Пригласив Звонарева в «Савой», предлагая ему повышение по службе и удвоение оклада, Веденцов так и не принес извинений. Несколько искренних слов обошлись бы ему несравненно дешевле и утолили обиду Паши куда верней. Но гордый Валентин Веденцов был готов платить за гордость, дурной нрав и распущенность. Значит, следовало получить с него эту плату. Вонзая зубы в нежнейший рибай, Павел, уже плохо соображавший от крайней сытости, представлял, что вгрызается в горло обидчику. Он заставлял себя думать, что с крабовым фрикасе, ореховой подливой, с этими пряными соусами и ванильно-шоколадным кремом он тянет из врага последние соки и тот слабеет, раскаивается, молит о пощаде. Наконец он заставил рот принять последний трюфельный птифур. Туман застилал глаза, и в этом сытном тумане висели жиринки джаза, мясистый голос толстяка с соседнего столика и сусальные излишества купеческих залов.

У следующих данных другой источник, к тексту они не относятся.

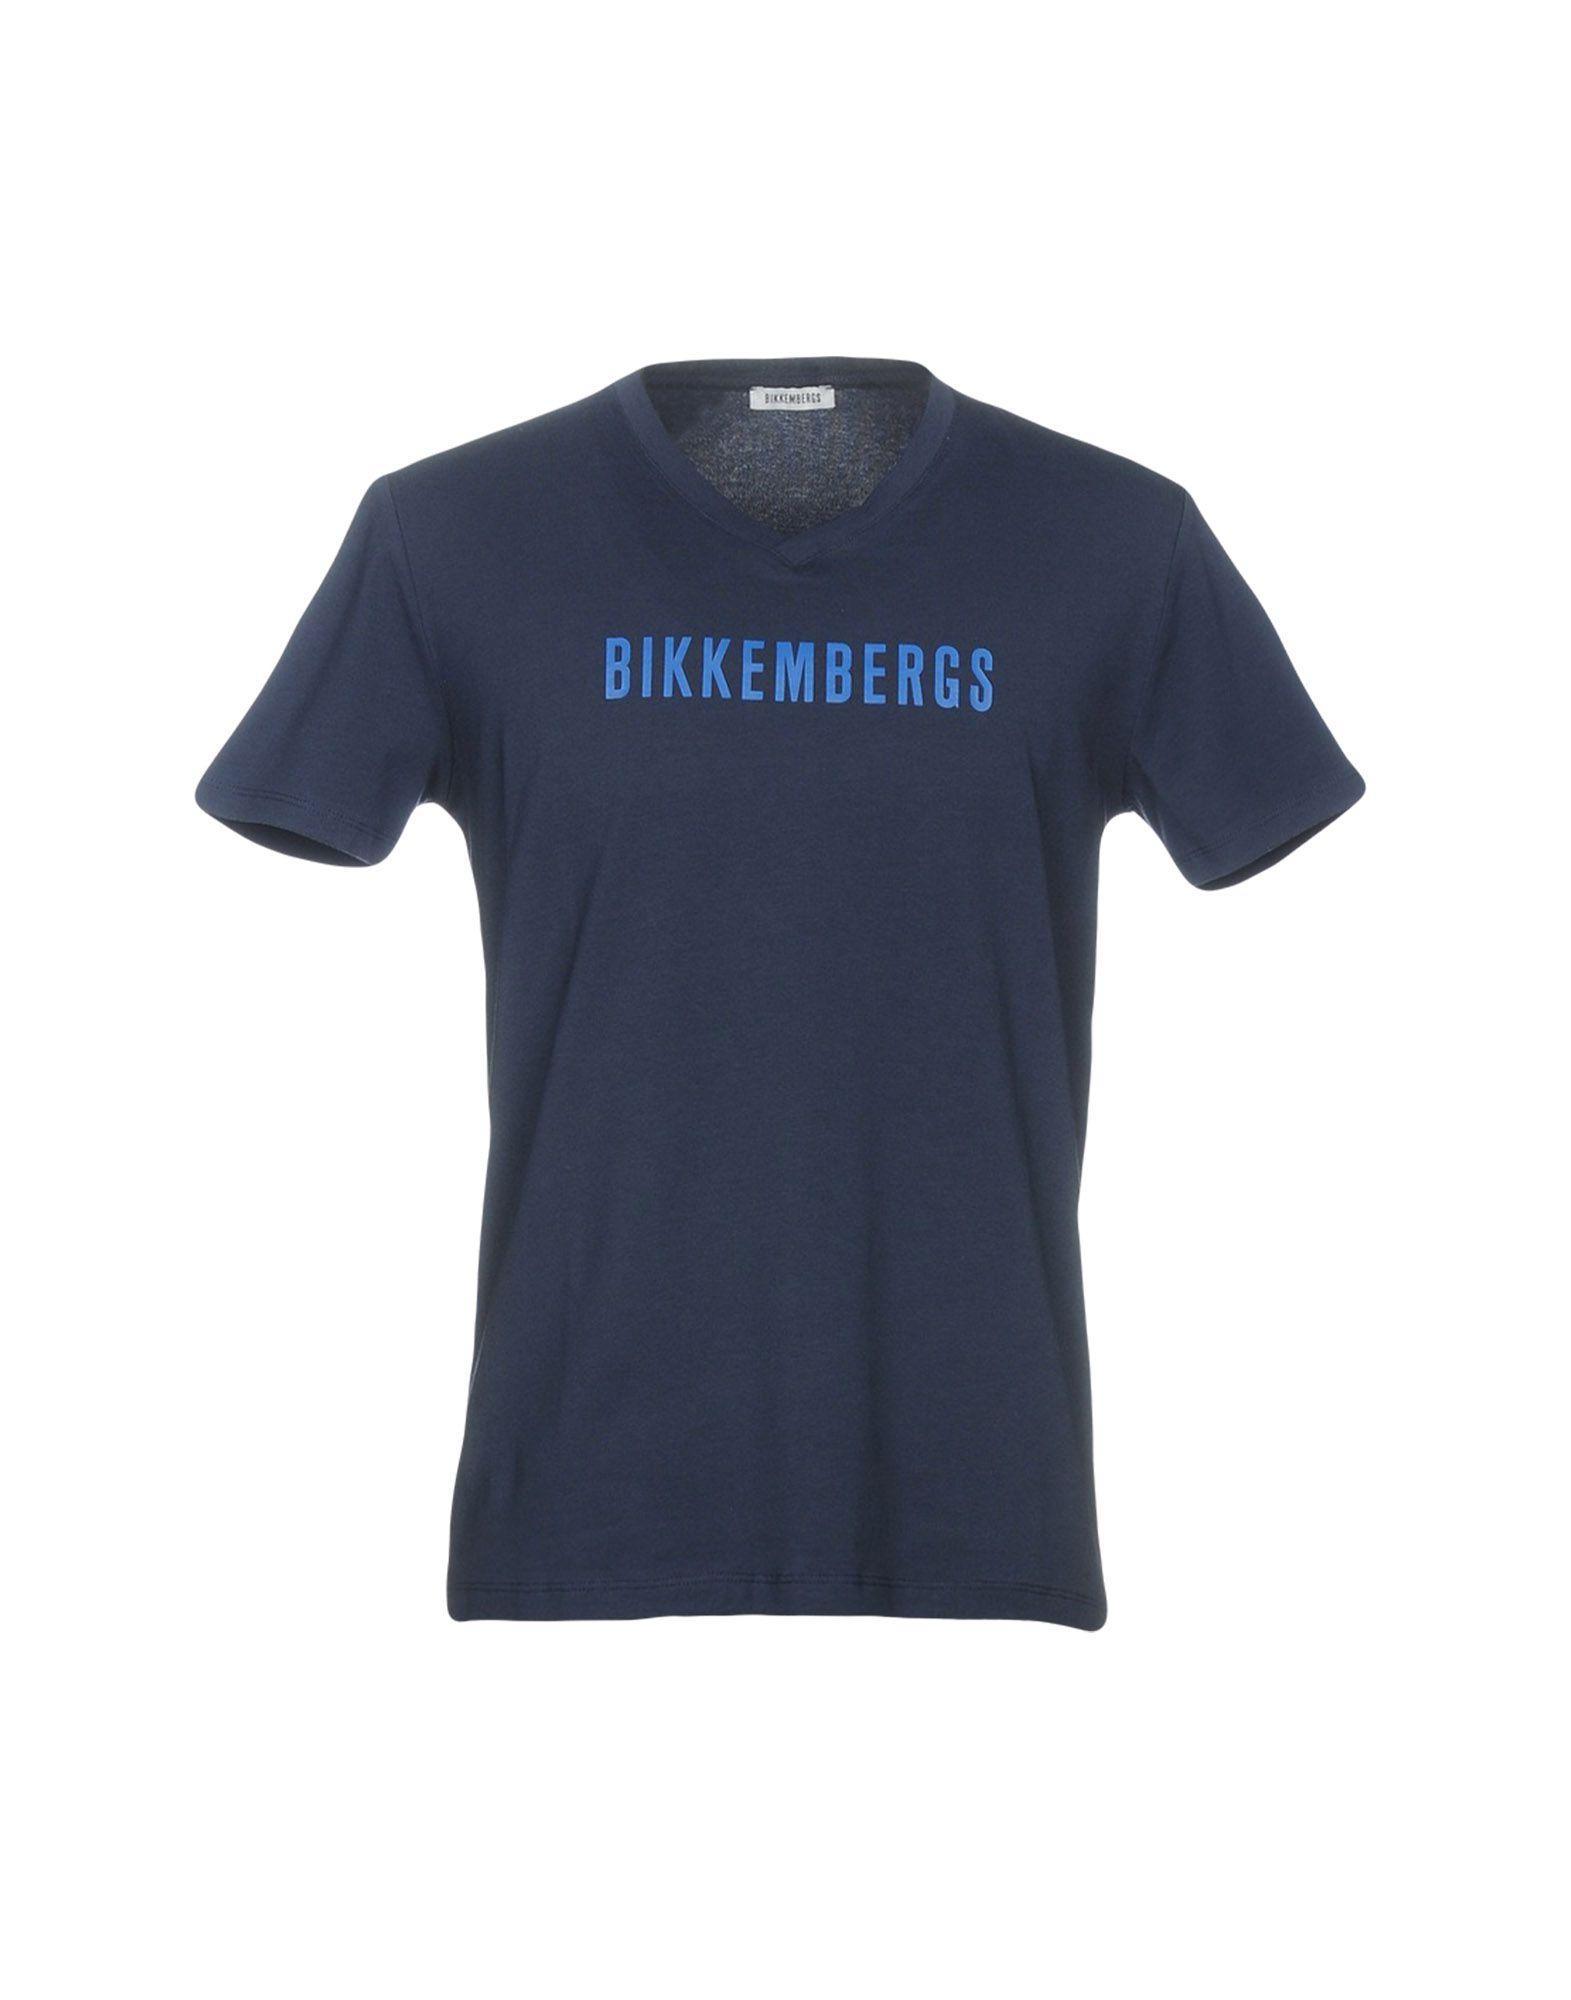 Bikkembergs T-shirt In Dark Blue

— Ну-с, Павел Дмитрич, может, пойдем? — услышал он свежий тенорок улыбающегося Валентина, расплатившегося с подобострастным метрдотелем. — Я что-то так и не понял, согласны ли вы на мое предложение. Надеюсь, вы хотя бы наелись?

Звонарев знал, что вернется. Отказаться от этой работы значило бы наказать себя больше, чем обидчика. Но сейчас, глядя на Веденцова, как один неодушевленный предмет способен глядеть на другой, он выдавил несколько каштаново-майонезных звуков:

— Спасибо. Я сыт. По горло. Вами.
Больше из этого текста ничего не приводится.